A Dorchester man with a long criminal record pleaded guilty yesterday to both federal sex-trafficking charges and to charges he talked about "taking out" or kidnapping people who might have been testifying against him.
Bruce "Arki" Brown faces sentencing on Feb. 10. on charges of sex trafficking of a minor; transportation of a minor for purposes of prostitution, conspiracy to commit sex trafficking by force, fraud and coercion (two counts), obstruction of justice and witness tampering, the US Attorney's office reports. He faces a potential life sentence just for sex trafficking of a minor.
The indictment against Brown and an alleged fellow conspirator charges that between 2004 and 2019, Brown pimped out four women and that in 2012, he transported a teenager to Maine to work for him as a prostitute.

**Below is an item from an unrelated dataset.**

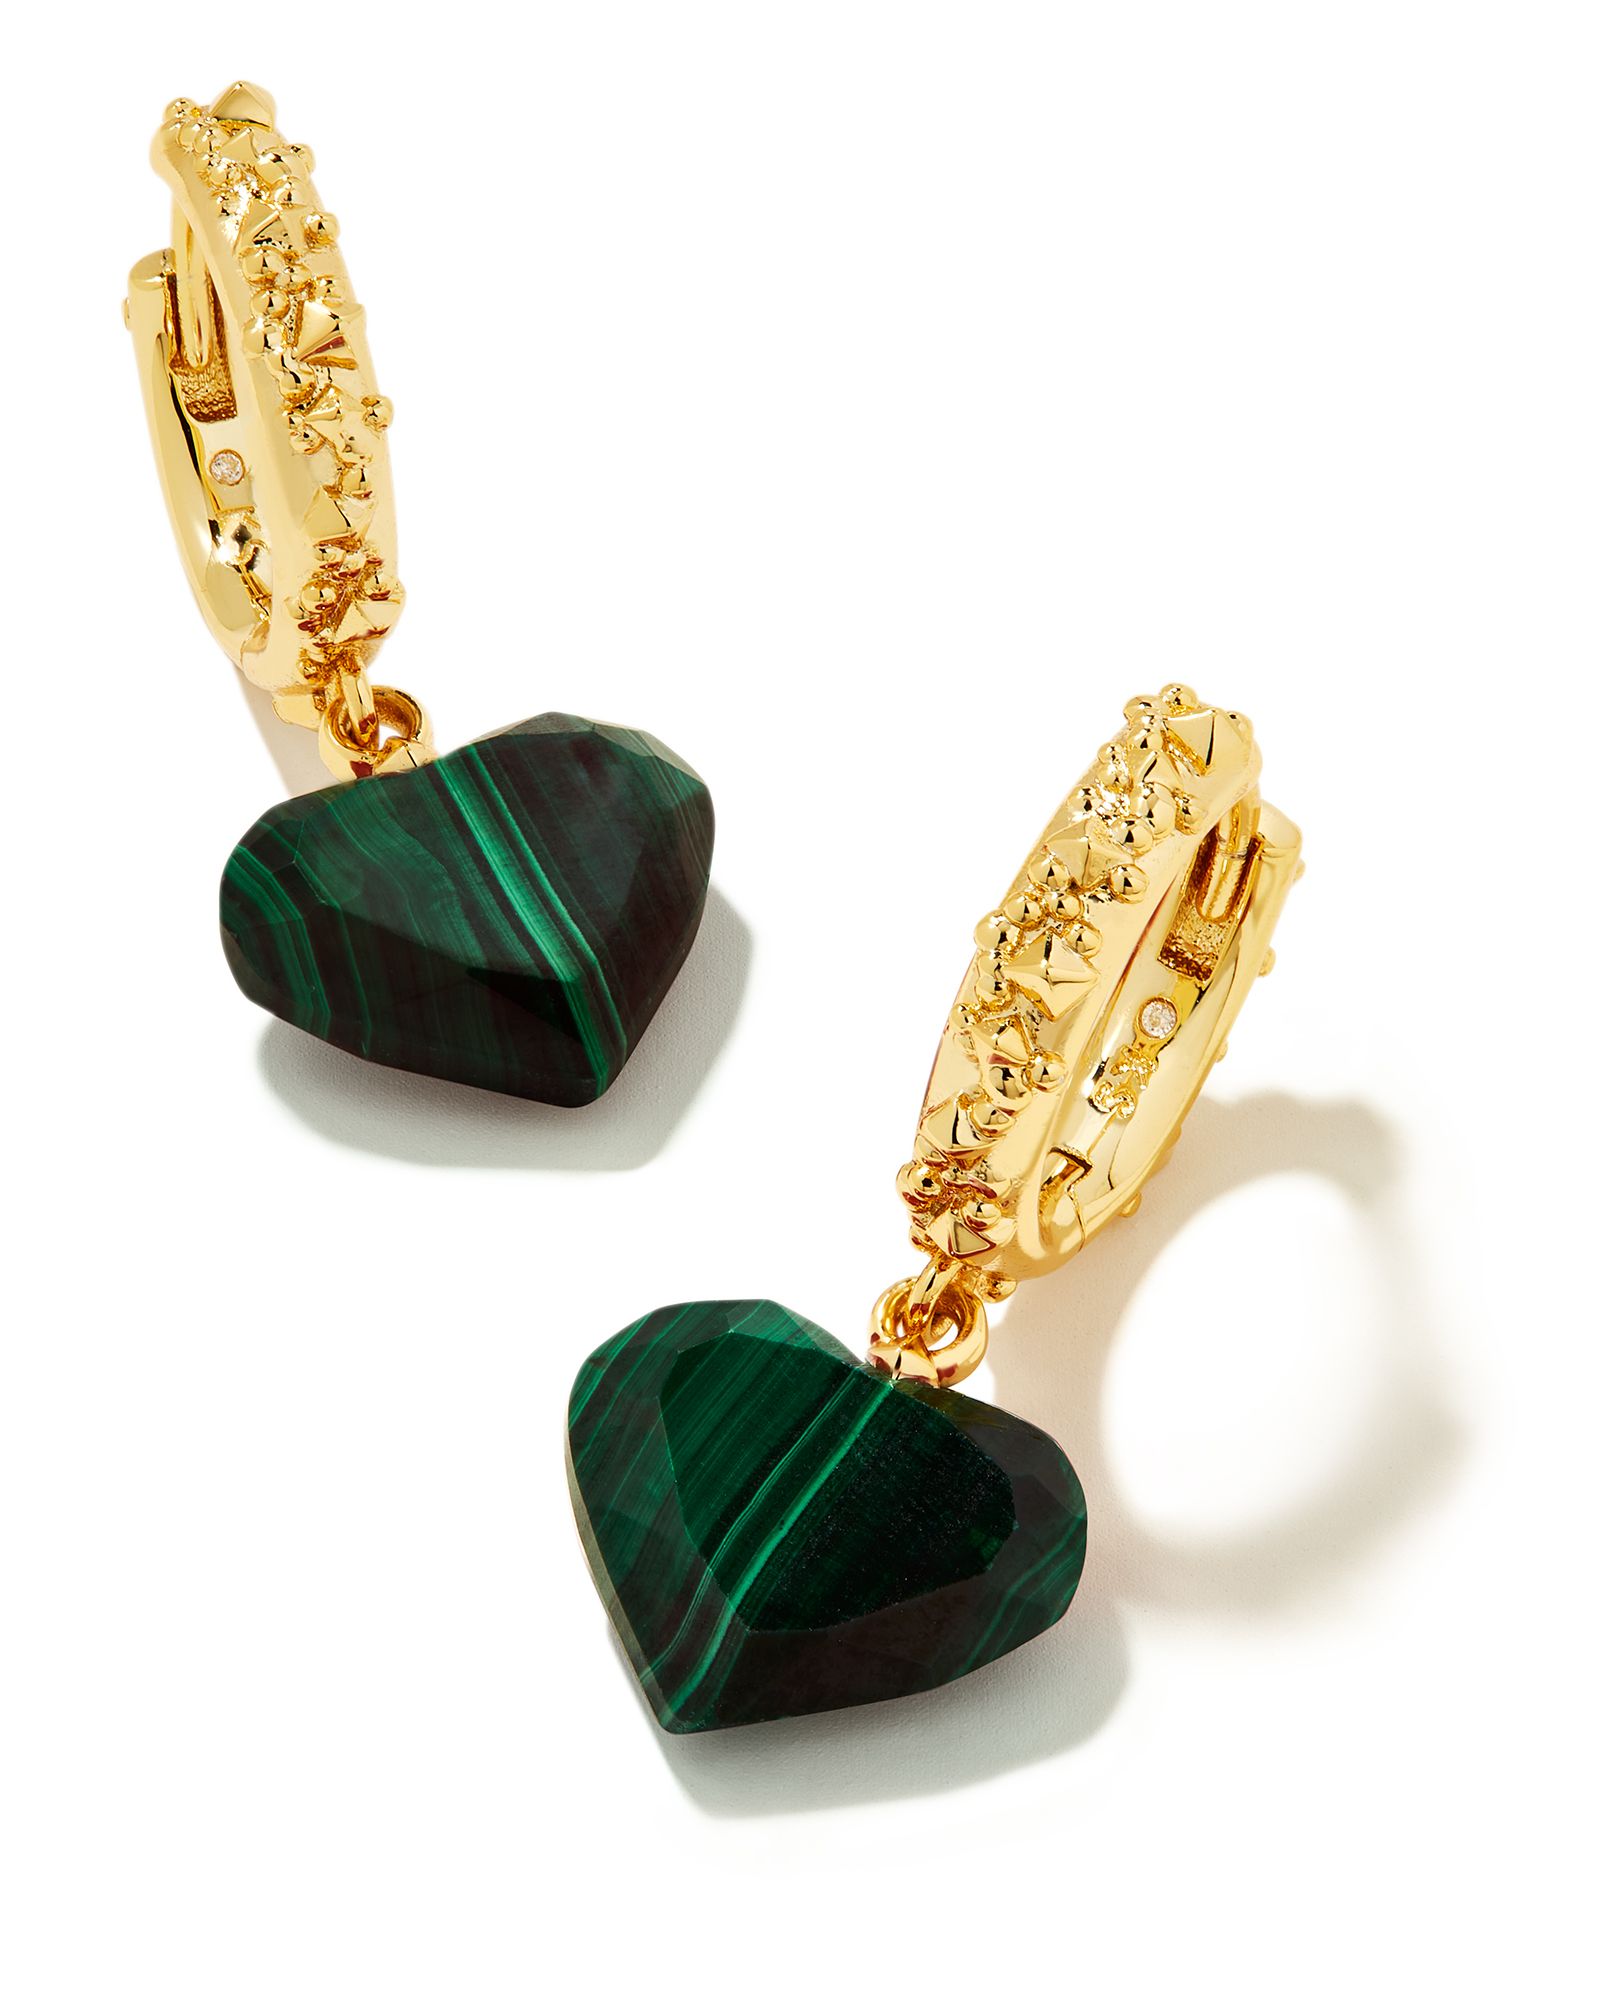 Penny Gold Heart Huggie Earrings in Green Malachite | Kendra Scott

Had he come to trial, prosecutors, say, "each of the victims will testify about Brown’s methodical exertion and maintenance of control over them through his use of force, fraud, and coercion in connection with the charged offenses."
According to an affidavit by a Newton police officer who worked with the FBI on the case, after Brown was first indicted last year, one person who knew him contacted the FBI because he was talking about "taking out" people he thought would testify him.
The affidavit says Brown also talked to people who visited or called him at a federal detention facility in Rhode Island that he needed their help convincing possible witnesses and victims to tell investigators everything was a big mistake, to, as he said in one case after it sunk in he could be facing life, "just write a letter saying, yo, misunderstanding, ya feel me? And get it notarized, you know what I mean? No hard feelings, something like that, ya feel me? I really need help right now."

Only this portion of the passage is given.